Bulle Ogier toplines as Marie, a newly-released convicted bank robber with vague terrorist background (resembling her role in Rainer Werner Fassbinder's 1979 "The Third Generation"). She bumps into Baptiste (Pasale Ogier), a strange young girl who attaches herself to Marie in rather aimless strolling around the French capital. Duo become involved with gangsters Julien (PIerre Clementi) has a briefcase containing a strange map of the city and files on political scandals. A mysterious figure whom Baptiste names Max (Jean-Francois Stevenin) also tails the duo.

Using excellent sound recording to create atmosphere, Rivette unfolds his spare narrative very slowly, finally emphasizing Marie's futile attempts to make sense of her (and Baptiste's) predicament by imagining a large-scale board game (according to the strange map) in which various areas are traps and which offers both danger and potential prizes to them as players. Her overactive imagination combines with Baptiste's paranoia and violent behavior to create tragic results when it turns out the gangsters are not playing games.

Bulle Ogier gives a riveting performance as a woman trying to escape her past and start fresh. Pascale Ogier (her real-life daughter) has a showy first starring role in features here, but her deadpan expression combined with physical volatility becomes dull through repetition and Rivette's unwillingness to condense his material. Her paranoia, imagining spies monitoring everyone and her violent attacking of eyes on posters which seem to be staring at her is a strong motif, which Rivette reinforces with the sound of whirring helicopters overhead and eerie surveillance camera footage at film's end.
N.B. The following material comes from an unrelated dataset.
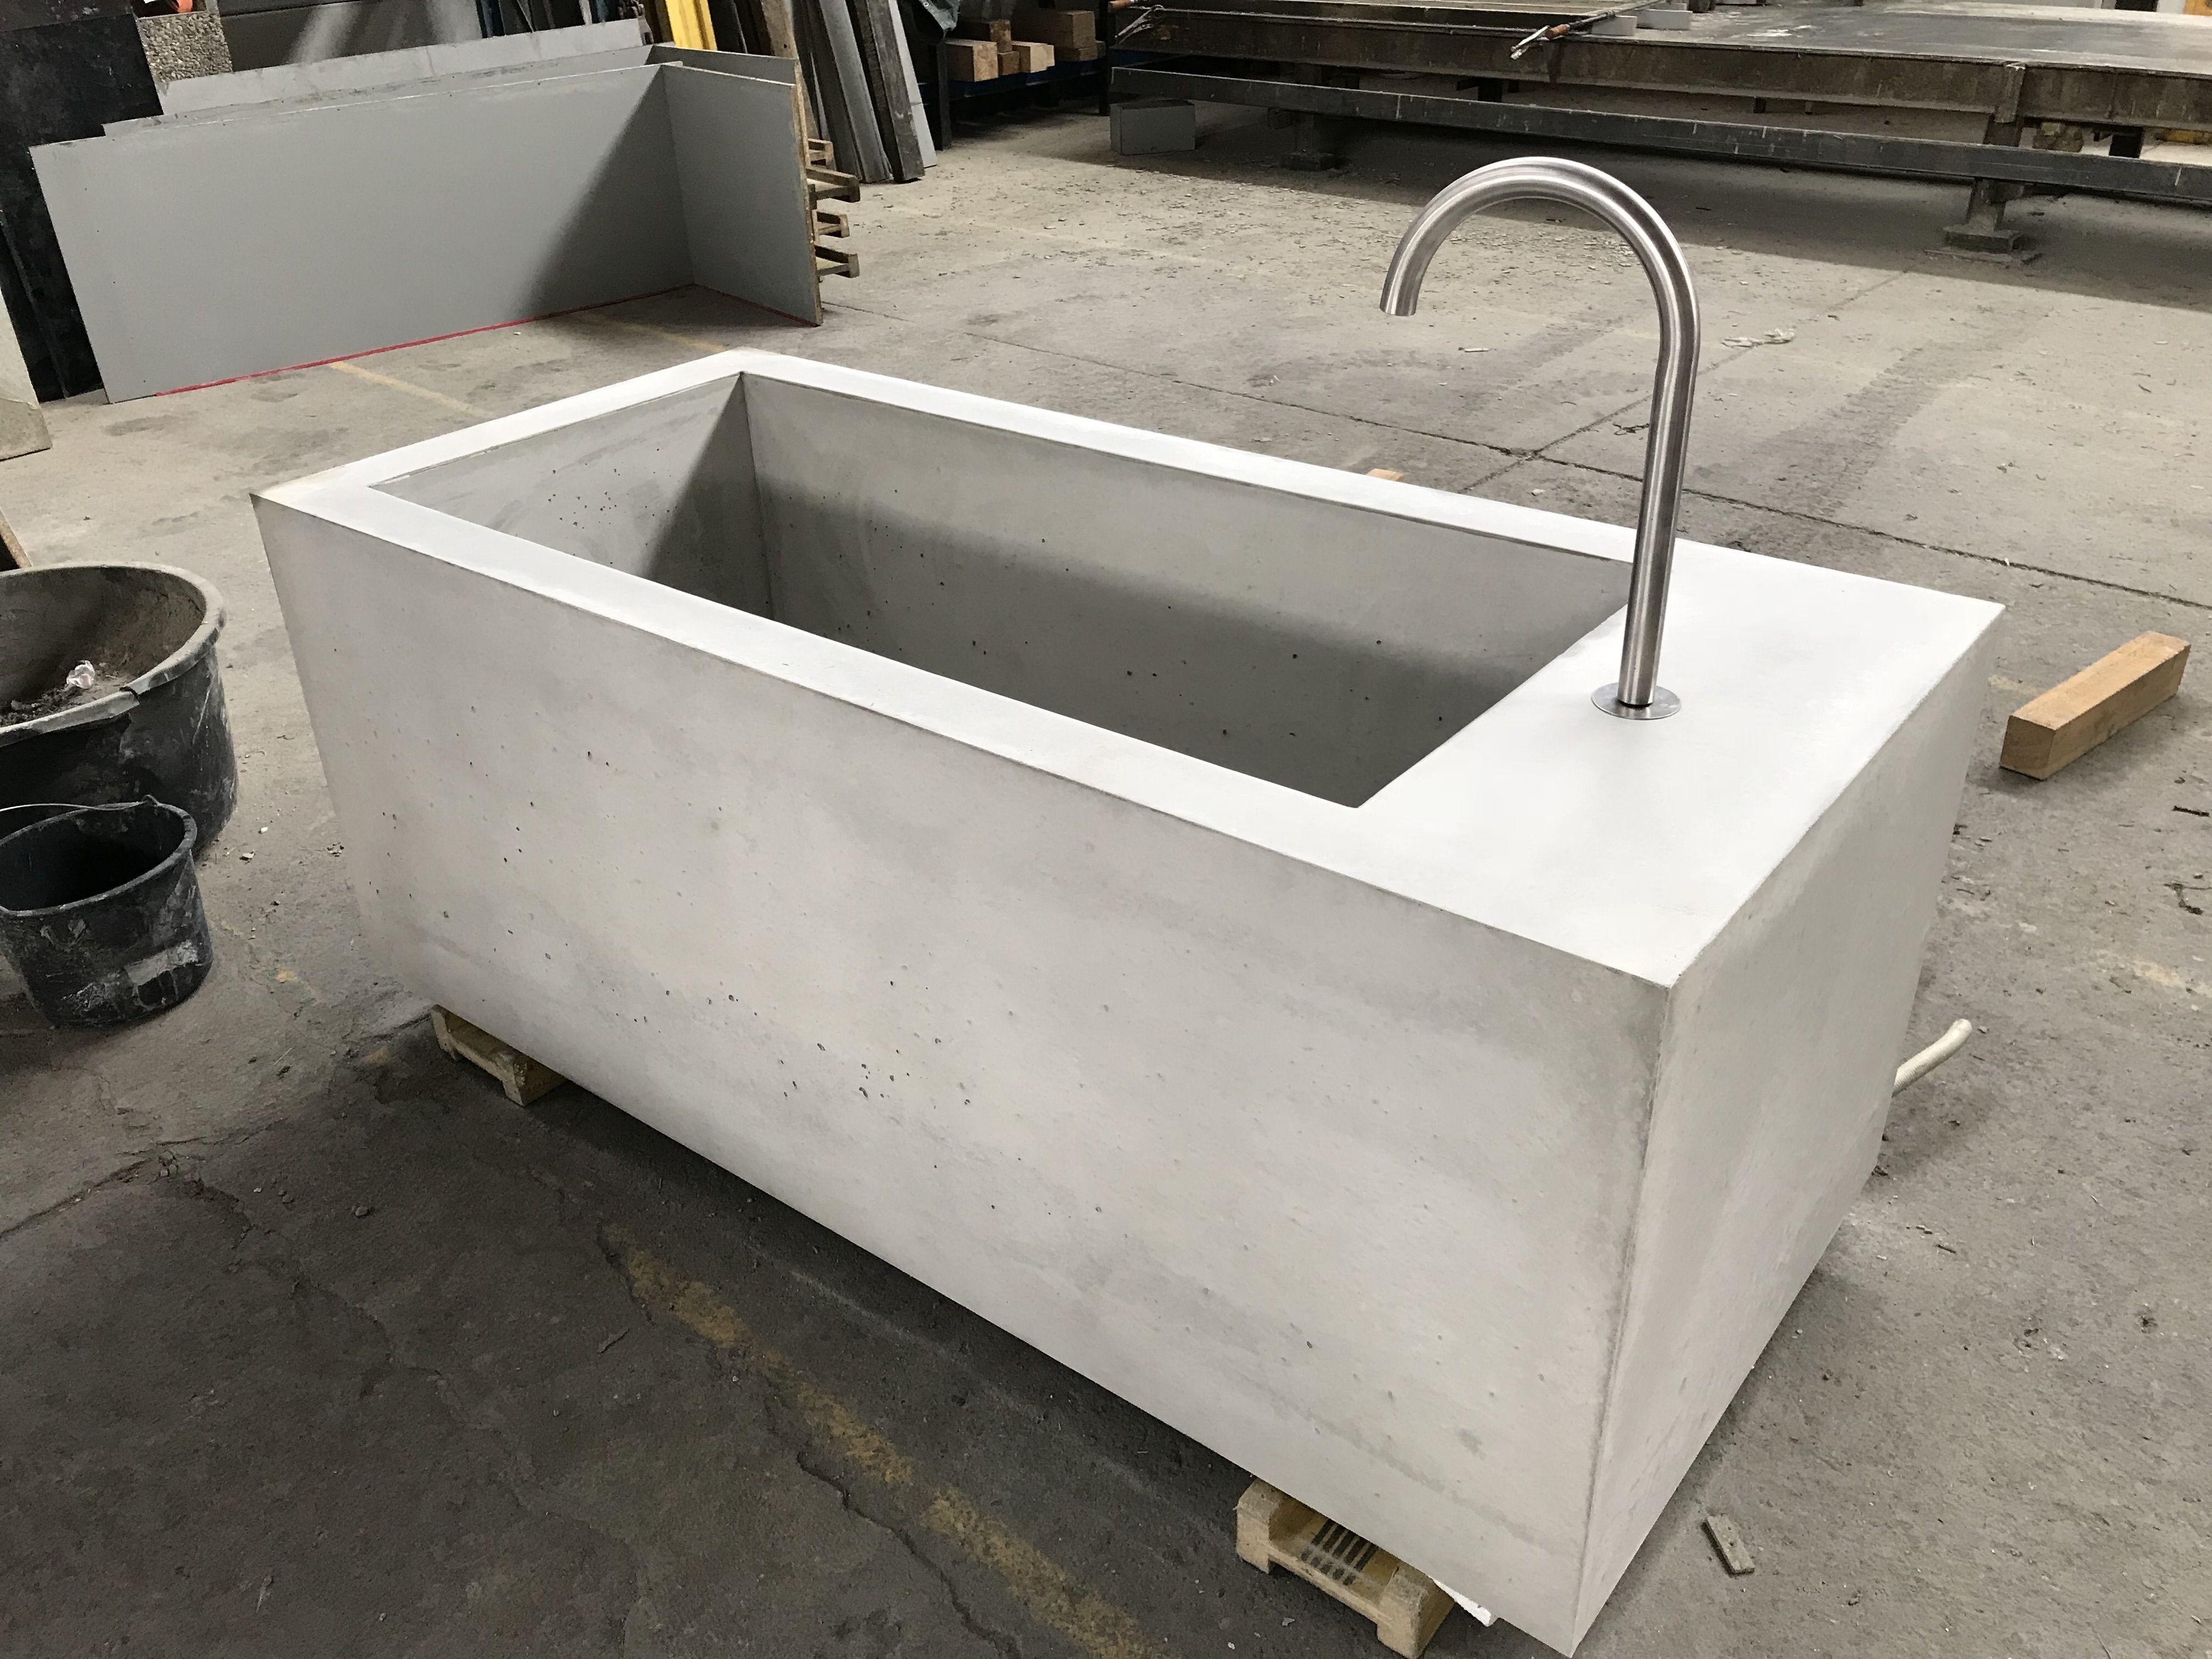 betontrog, betonbecken, wasserbecken, betonpool, betonwanne

Shooting entirely on exteriors, Rivette manages to inject a bit of explicit fantasy via a fire-breathing dragon, guarding the North Bridge, which Baptiste manages to quell with a "Tin Drum" style piercing scream. William Lubtchansky's 16mm visuals have been blown up to 35mm effectively.

Of all the critically-acclaimed directors of the French Nouvelle Vague (including Jean-Luc Godard, Francois Truffaut, Louis Malle, Claude Chabrol and Alain Resnais), Rivette has never received the approval of the general public. "Le Pont du Nord" will please his relatively small following but remains too private and obscure to win new converts.

My review was written in October 1981 at the New York Film Festival.